If $Δ_1=\begin{vmatrix}1 & 1 & 1\\a & b & c\\a^2 & b^2 & c^2\end{vmatrix}, Δ_2=\begin{vmatrix}1 & bc & a\\1 & ca & b\\1 & ab& c\end{vmatrix}$, then

$Δ_1+Δ_2=0$

The correct answer is option (2) : $Δ_1+Δ_2=0$

$Δ_2= \begin{vmatrix}1 & bc & a\\1 & ca & b\\1 & ab & c\end{vmatrix}$

$⇒Δ_2=\frac{1}{abc}\begin{vmatrix}a & abc & a^2\\b & abc & b^2\\c & abc & c^2\end{vmatrix}$        $\begin{matrix}Applying \, R_1→R_1(a) \\R_2→R_2(b)\\R_3→R_3(c)\end{matrix}$

$⇒Δ_2= \begin{vmatrix}a & 1 & a^2\\b & 1 & b^2\\c & 1 & c^2\end{vmatrix}$            [Taking abc common from $C_2$]

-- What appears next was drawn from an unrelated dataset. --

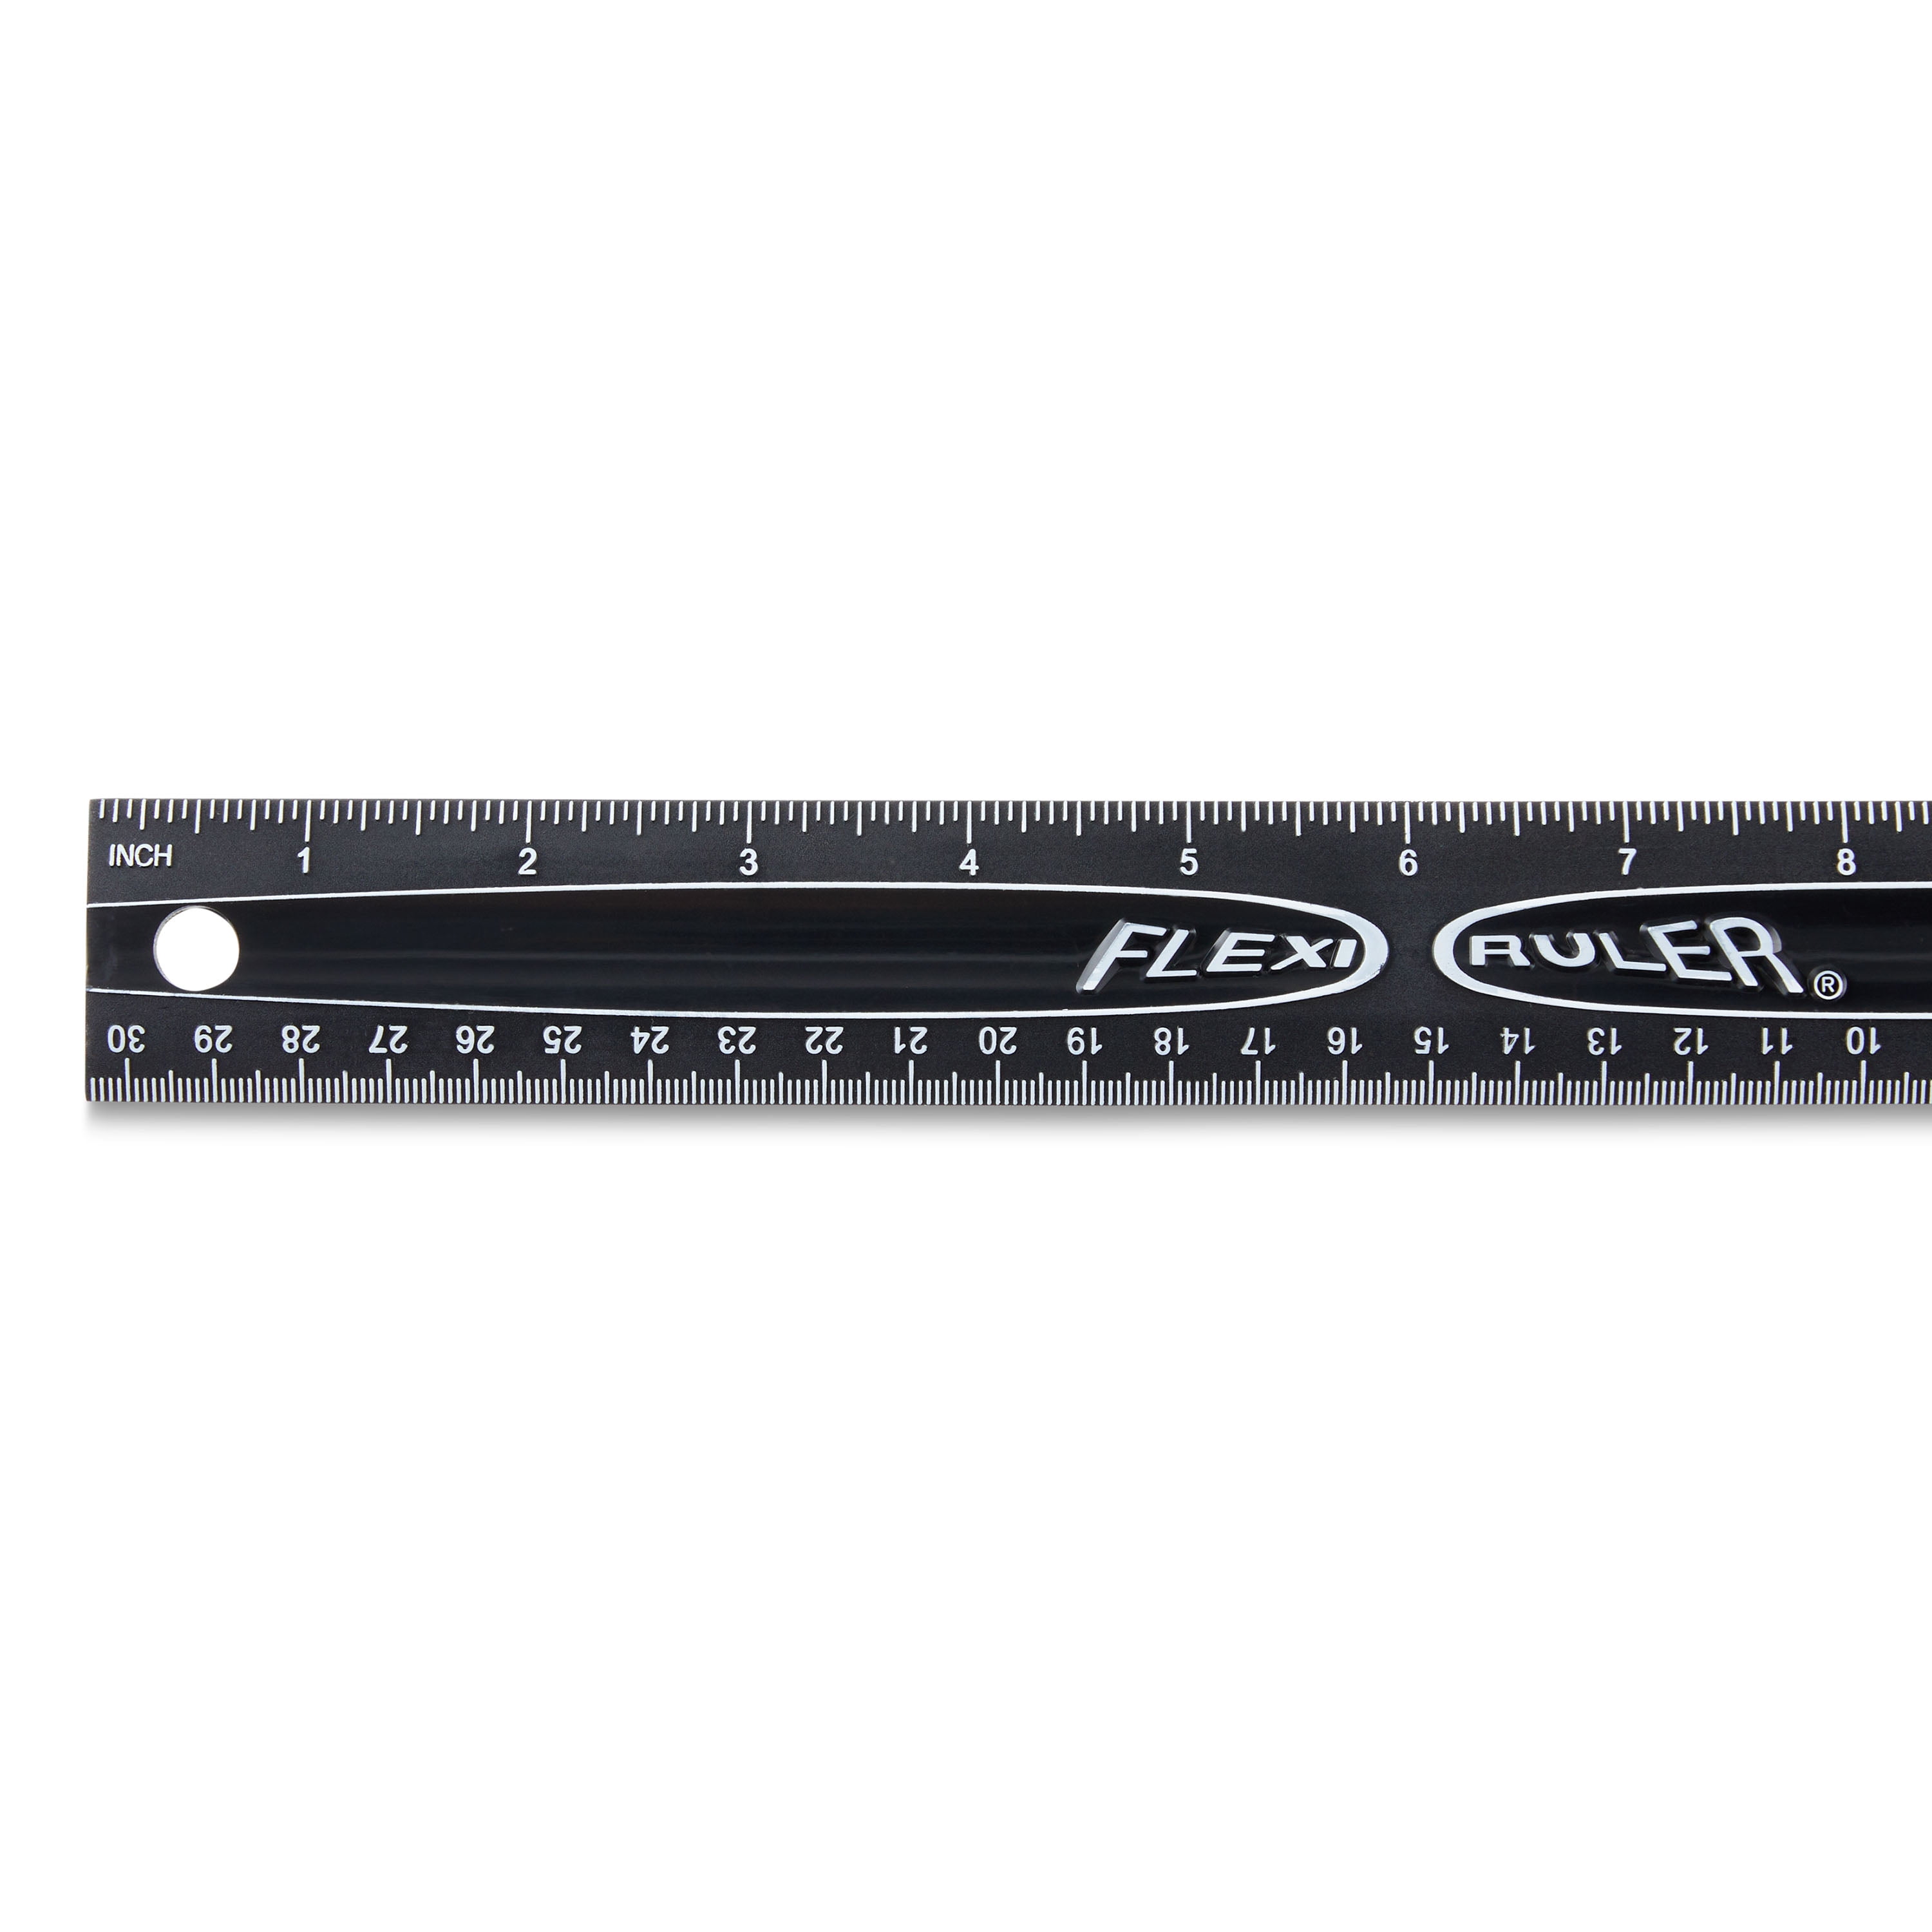 Mr. Pen- Machinist Ruler, 4 Pack (6, 8, 12, 14 inch), Metric Ruler, Millimeter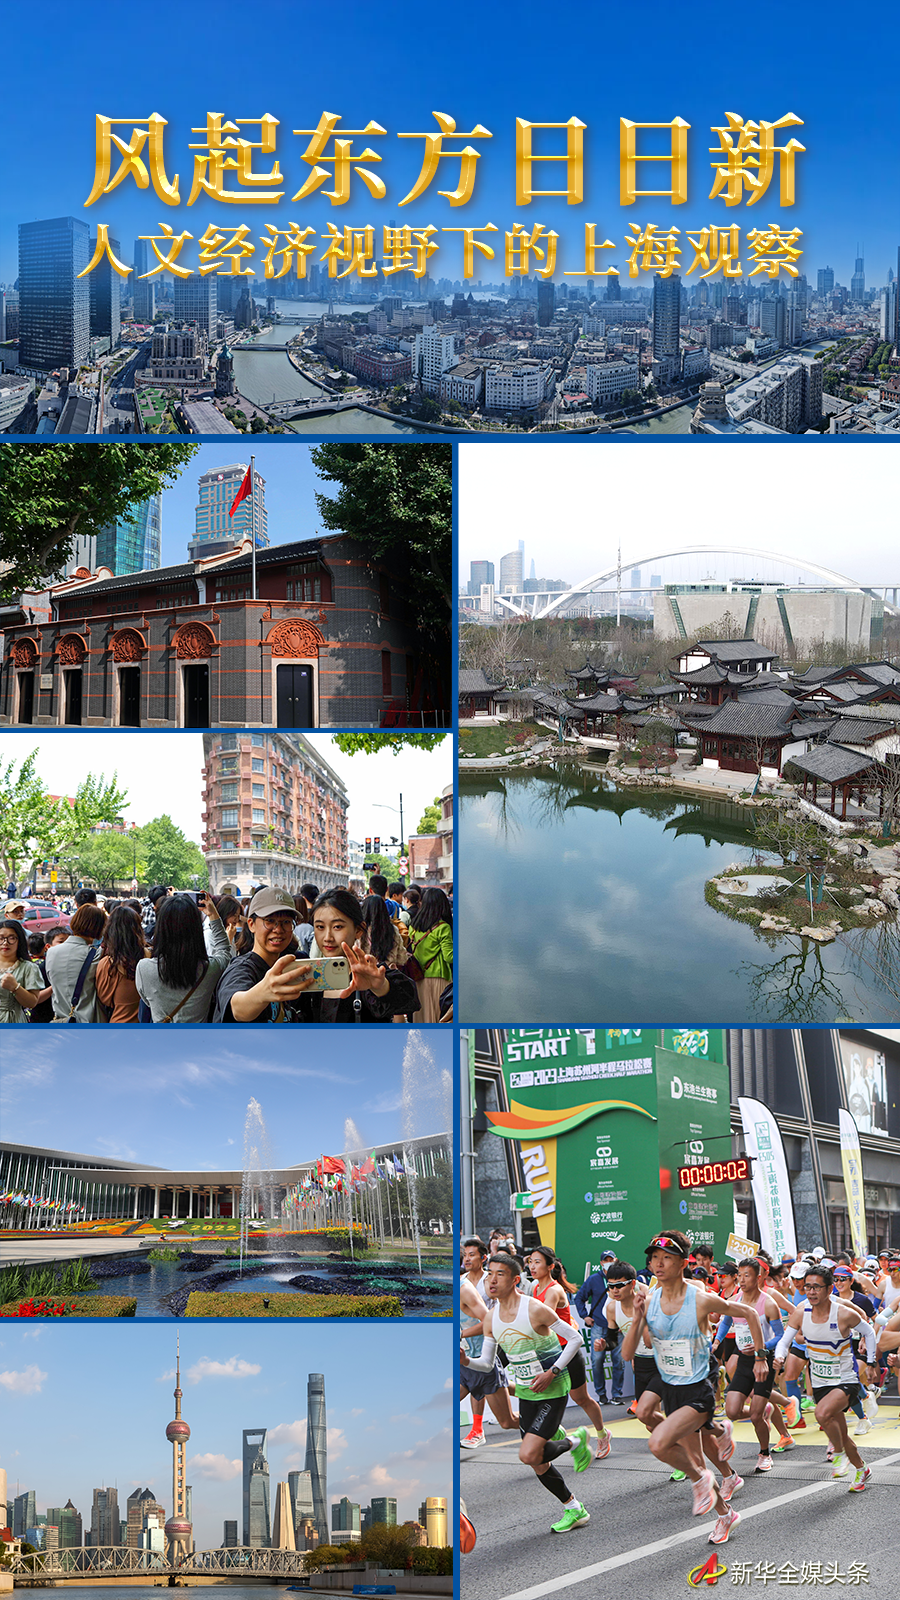 風起東方日日新——人文經濟視野下的上海觀察

$⇒Δ_2= -\begin{vmatrix}1 & a & a^2\\1 & b & b^2\\1 & c & c^2\end{vmatrix}$           [Interchanging $C_2 $ and $C_2 $ ]

$⇒Δ_2= -\begin{vmatrix}1 & 1 & 1\\a & b & c\\a^2 & b^2 & c^2\end{vmatrix}=-Δ_1 ⇒Δ_1+Δ_2=0.$